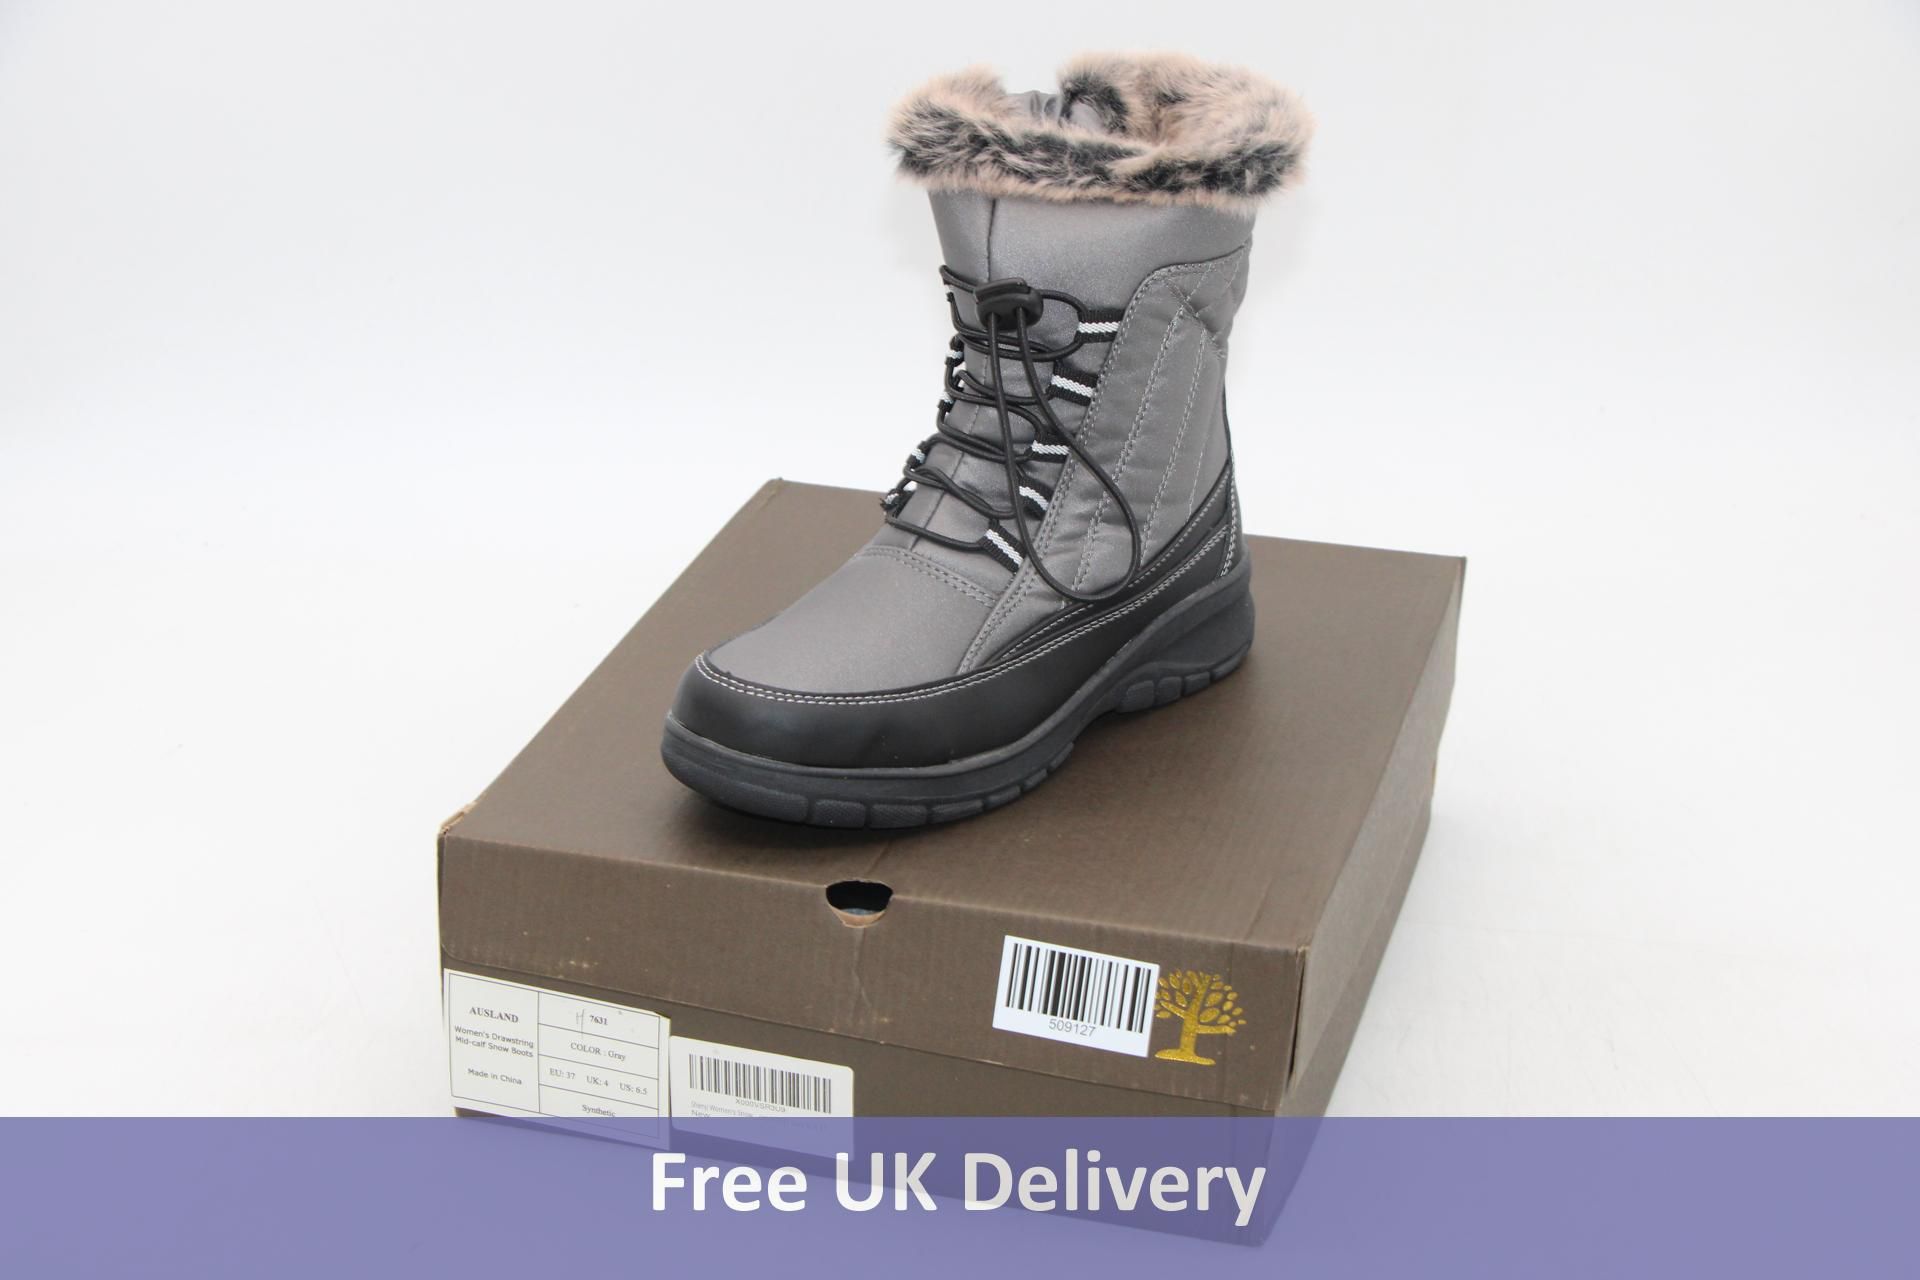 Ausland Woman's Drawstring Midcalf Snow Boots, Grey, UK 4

----

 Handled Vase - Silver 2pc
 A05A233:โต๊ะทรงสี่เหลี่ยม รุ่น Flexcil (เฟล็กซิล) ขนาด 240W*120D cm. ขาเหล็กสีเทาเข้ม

----

Every line above from the line with "Handled Vase - Silver 2pc" to the line with "A05A233:โต๊ะทรงสี่เหลี่ยม รุ่น Flexcil", inclusive, must be returned exactly; no other line belongs in the reply.

SOLUTION TO THE PROBLEM
 Handled Vase - Silver 2pc
 A05A233:โต๊ะทรงสี่เหลี่ยม รุ่น Flexcil (เฟล็กซิล) ขนาด 240W*120D cm. ขาเหล็กสีเทาเข้ม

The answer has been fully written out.